(Extracted data entries)
·····

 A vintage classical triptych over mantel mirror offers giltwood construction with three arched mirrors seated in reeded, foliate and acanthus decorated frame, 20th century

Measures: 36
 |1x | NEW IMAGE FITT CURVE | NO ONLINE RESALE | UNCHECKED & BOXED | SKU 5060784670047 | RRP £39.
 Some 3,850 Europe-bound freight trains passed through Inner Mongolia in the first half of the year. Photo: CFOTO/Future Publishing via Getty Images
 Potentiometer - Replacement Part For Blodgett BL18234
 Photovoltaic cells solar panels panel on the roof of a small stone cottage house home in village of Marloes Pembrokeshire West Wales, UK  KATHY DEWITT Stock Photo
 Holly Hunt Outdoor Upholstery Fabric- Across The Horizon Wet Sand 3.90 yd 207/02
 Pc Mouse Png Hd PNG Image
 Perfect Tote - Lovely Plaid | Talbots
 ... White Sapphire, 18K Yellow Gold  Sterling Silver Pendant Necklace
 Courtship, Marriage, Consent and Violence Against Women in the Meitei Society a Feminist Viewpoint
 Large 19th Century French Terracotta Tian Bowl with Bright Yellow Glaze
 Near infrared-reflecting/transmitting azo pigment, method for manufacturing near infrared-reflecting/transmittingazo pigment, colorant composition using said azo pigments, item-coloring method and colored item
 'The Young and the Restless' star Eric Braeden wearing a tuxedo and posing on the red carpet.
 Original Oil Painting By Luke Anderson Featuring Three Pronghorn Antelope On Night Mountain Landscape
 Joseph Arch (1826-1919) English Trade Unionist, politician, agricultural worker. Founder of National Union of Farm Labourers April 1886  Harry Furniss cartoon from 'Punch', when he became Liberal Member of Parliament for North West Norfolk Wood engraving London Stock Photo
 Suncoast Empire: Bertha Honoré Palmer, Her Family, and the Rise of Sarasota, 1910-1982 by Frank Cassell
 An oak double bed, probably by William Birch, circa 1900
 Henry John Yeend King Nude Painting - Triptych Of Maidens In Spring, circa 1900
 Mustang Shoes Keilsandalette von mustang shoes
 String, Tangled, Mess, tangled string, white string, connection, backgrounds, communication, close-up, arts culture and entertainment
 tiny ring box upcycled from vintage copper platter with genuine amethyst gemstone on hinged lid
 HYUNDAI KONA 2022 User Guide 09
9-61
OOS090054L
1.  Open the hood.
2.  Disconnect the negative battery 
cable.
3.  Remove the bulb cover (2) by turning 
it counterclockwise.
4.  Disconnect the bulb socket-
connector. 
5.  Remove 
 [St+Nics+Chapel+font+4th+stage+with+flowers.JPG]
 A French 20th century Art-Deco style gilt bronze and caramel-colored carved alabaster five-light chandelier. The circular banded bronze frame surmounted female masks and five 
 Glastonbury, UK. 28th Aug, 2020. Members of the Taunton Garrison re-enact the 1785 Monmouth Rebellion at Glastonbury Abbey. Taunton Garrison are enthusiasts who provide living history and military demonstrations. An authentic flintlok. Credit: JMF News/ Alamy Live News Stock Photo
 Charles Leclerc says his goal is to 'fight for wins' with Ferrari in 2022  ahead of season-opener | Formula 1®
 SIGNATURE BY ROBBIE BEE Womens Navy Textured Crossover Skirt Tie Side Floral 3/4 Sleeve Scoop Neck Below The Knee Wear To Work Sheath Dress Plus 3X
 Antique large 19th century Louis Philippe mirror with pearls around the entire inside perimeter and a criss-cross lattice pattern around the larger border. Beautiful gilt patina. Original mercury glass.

·····

• TASK BRIEF: Return each entry above exactly, leaving none out.

• WRITTEN SOLUTION:
 A vintage classical triptych over mantel mirror offers giltwood construction with three arched mirrors seated in reeded, foliate and acanthus decorated frame, 20th century

Measures: 36
 |1x | NEW IMAGE FITT CURVE | NO ONLINE RESALE | UNCHECKED & BOXED | SKU 5060784670047 | RRP £39.
 Some 3,850 Europe-bound freight trains passed through Inner Mongolia in the first half of the year. Photo: CFOTO/Future Publishing via Getty Images
 Potentiometer - Replacement Part For Blodgett BL18234
 Photovoltaic cells solar panels panel on the roof of a small stone cottage house home in village of Marloes Pembrokeshire West Wales, UK  KATHY DEWITT Stock Photo
 Holly Hunt Outdoor Upholstery Fabric- Across The Horizon Wet Sand 3.90 yd 207/02
 Pc Mouse Png Hd PNG Image
 Perfect Tote - Lovely Plaid | Talbots
 ... White Sapphire, 18K Yellow Gold  Sterling Silver Pendant Necklace
 Courtship, Marriage, Consent and Violence Against Women in the Meitei Society a Feminist Viewpoint
 Large 19th Century French Terracotta Tian Bowl with Bright Yellow Glaze
 Near infrared-reflecting/transmitting azo pigment, method for manufacturing near infrared-reflecting/transmittingazo pigment, colorant composition using said azo pigments, item-coloring method and colored item
 'The Young and the Restless' star Eric Braeden wearing a tuxedo and posing on the red carpet.
 Original Oil Painting By Luke Anderson Featuring Three Pronghorn Antelope On Night Mountain Landscape
 Joseph Arch (1826-1919) English Trade Unionist, politician, agricultural worker. Founder of National Union of Farm Labourers April 1886  Harry Furniss cartoon from 'Punch', when he became Liberal Member of Parliament for North West Norfolk Wood engraving London Stock Photo
 Suncoast Empire: Bertha Honoré Palmer, Her Family, and the Rise of Sarasota, 1910-1982 by Frank Cassell
 An oak double bed, probably by William Birch, circa 1900
 Henry John Yeend King Nude Painting - Triptych Of Maidens In Spring, circa 1900
 Mustang Shoes Keilsandalette von mustang shoes
 String, Tangled, Mess, tangled string, white string, connection, backgrounds, communication, close-up, arts culture and entertainment
 tiny ring box upcycled from vintage copper platter with genuine amethyst gemstone on hinged lid
 HYUNDAI KONA 2022 User Guide 09
9-61
OOS090054L
1.  Open the hood.
2.  Disconnect the negative battery 
cable.
3.  Remove the bulb cover (2) by turning 
it counterclockwise.
4.  Disconnect the bulb socket-
connector. 
5.  Remove 
 [St+Nics+Chapel+font+4th+stage+with+flowers.JPG]
 A French 20th century Art-Deco style gilt bronze and caramel-colored carved alabaster five-light chandelier. The circular banded bronze frame surmounted female masks and five 
 Glastonbury, UK. 28th Aug, 2020. Members of the Taunton Garrison re-enact the 1785 Monmouth Rebellion at Glastonbury Abbey. Taunton Garrison are enthusiasts who provide living history and military demonstrations. An authentic flintlok. Credit: JMF News/ Alamy Live News Stock Photo
 Charles Leclerc says his goal is to 'fight for wins' with Ferrari in 2022  ahead of season-opener | Formula 1®
 SIGNATURE BY ROBBIE BEE Womens Navy Textured Crossover Skirt Tie Side Floral 3/4 Sleeve Scoop Neck Below The Knee Wear To Work Sheath Dress Plus 3X
 Antique large 19th century Louis Philippe mirror with pearls around the entire inside perimeter and a criss-cross lattice pattern around the larger border. Beautiful gilt patina. Original mercury glass.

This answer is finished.